> _STORED DATA_
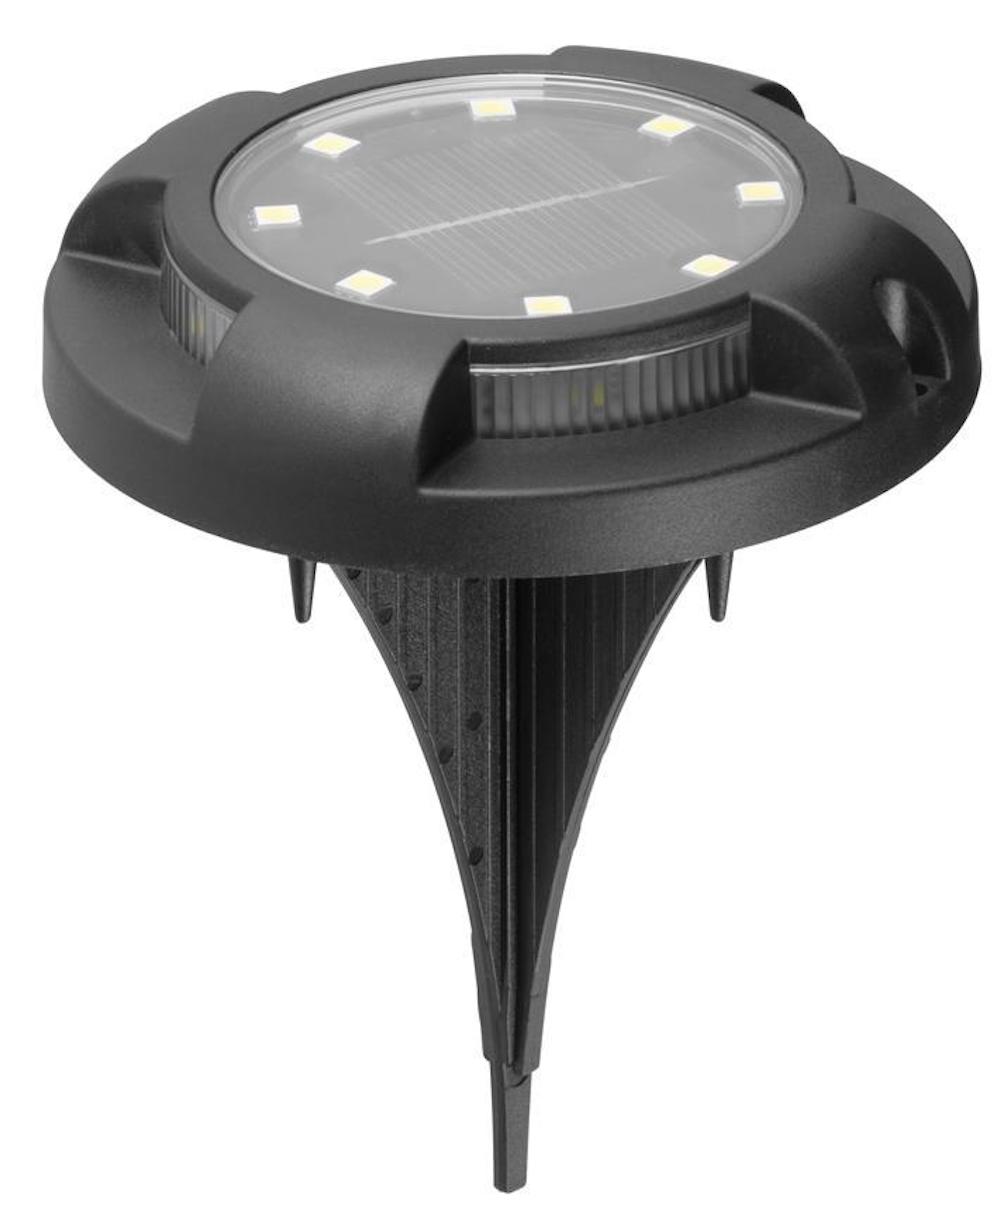 SuperSparSet 2x VENEDIG Solarlampe mit automatischer Einschaltfunktion | HxØ 14x11cm | 12 SMD-LEDs | Automatisches Schalten | Gartenlampe, Rattanlampe, LED Lampe, Solarlampe
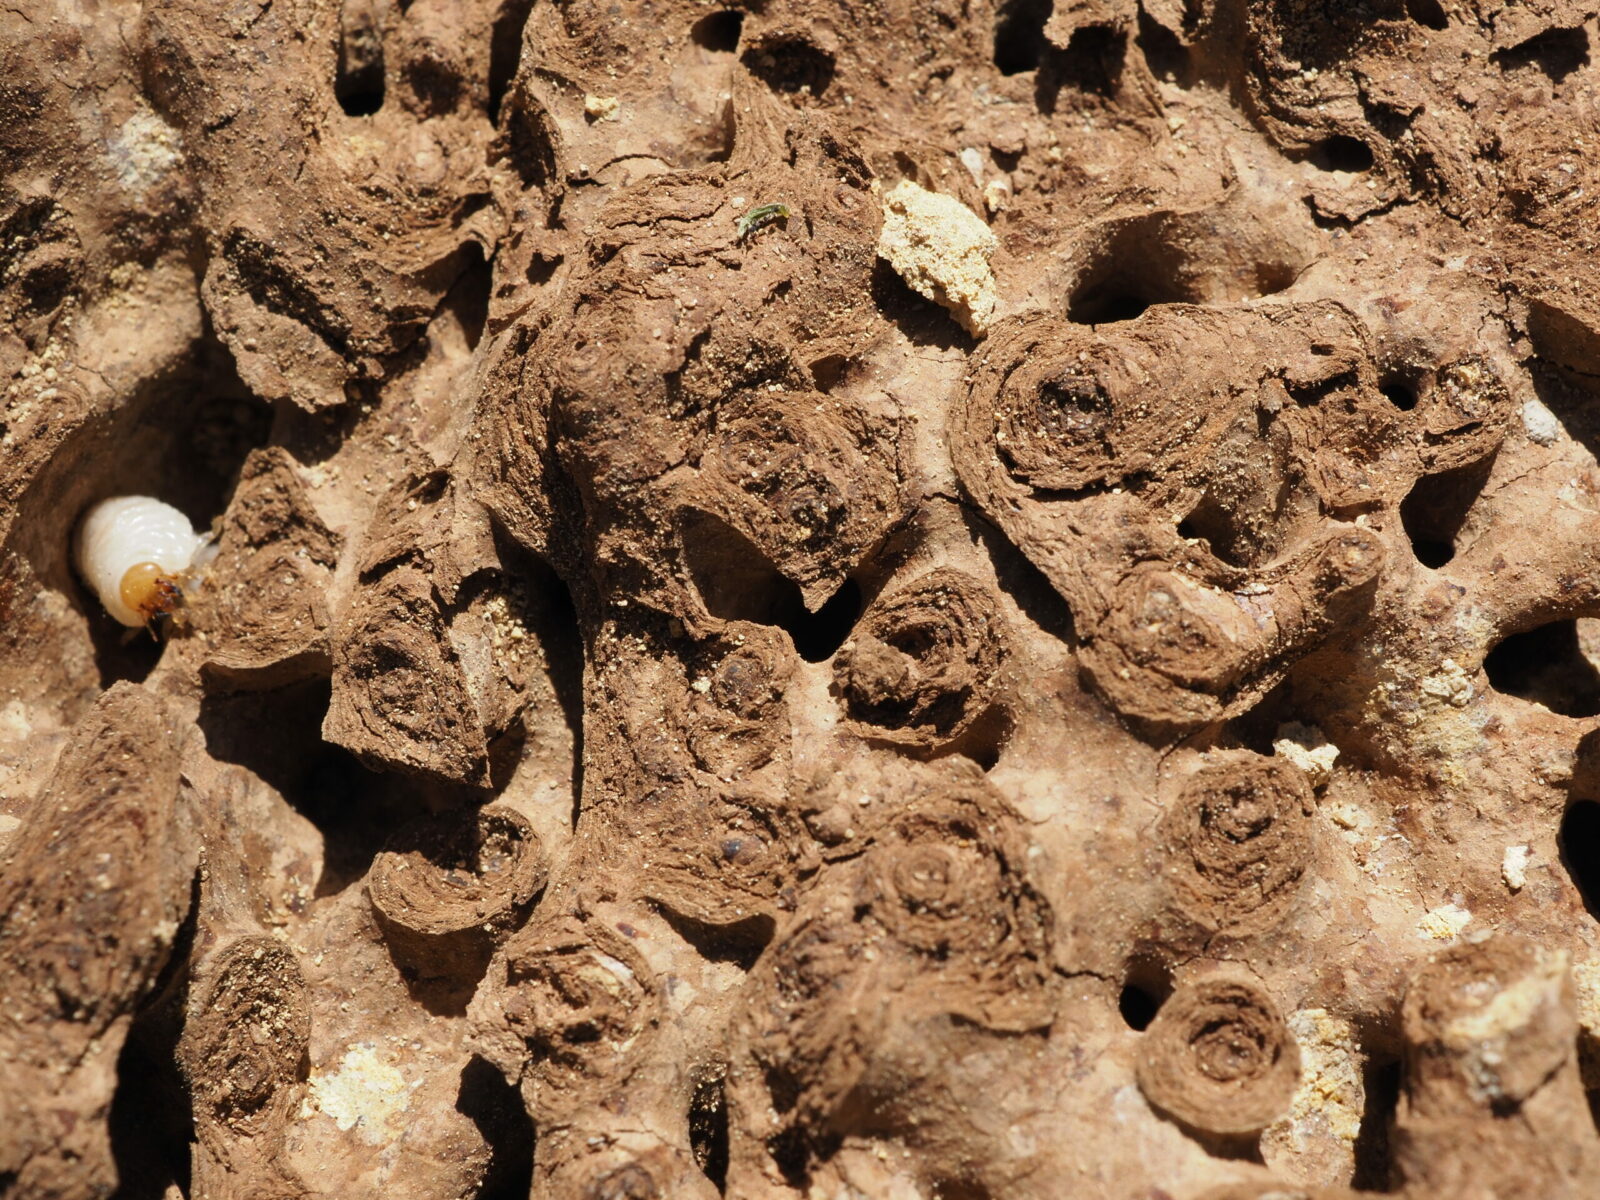 Nest of Coptotermes lacteus (termite nest) - internal structure
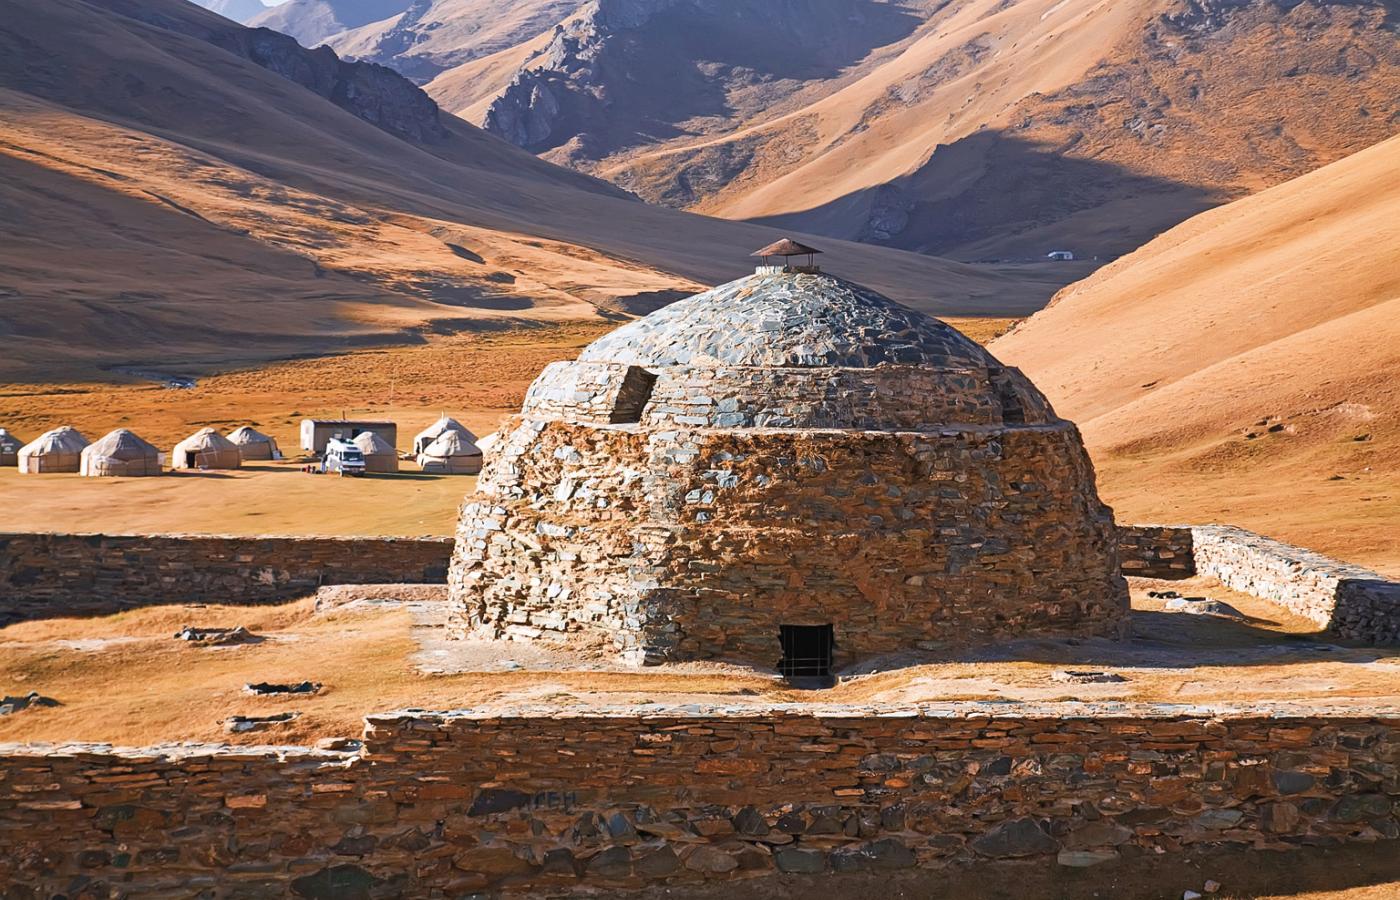 Późny symbol cywilizacji rozdroży, regionu wędrownych mędrców – położony 3200 m n.p.m. karawanseraj Tash Rabat w dzisiejszym Kirgistanie.

> _WHAT YOU HAVE TO DO_
No pictures go in the copy. Set down all the data exactly.

> _PROBLEM SOLUTION_
 SuperSparSet 2x VENEDIG Solarlampe mit automatischer Einschaltfunktion | HxØ 14x11cm | 12 SMD-LEDs | Automatisches Schalten | Gartenlampe, Rattanlampe, LED Lampe, Solarlampe
 Nest of Coptotermes lacteus (termite nest) - internal structure
 Późny symbol cywilizacji rozdroży, regionu wędrownych mędrców – położony 3200 m n.p.m. karawanseraj Tash Rabat w dzisiejszym Kirgistanie.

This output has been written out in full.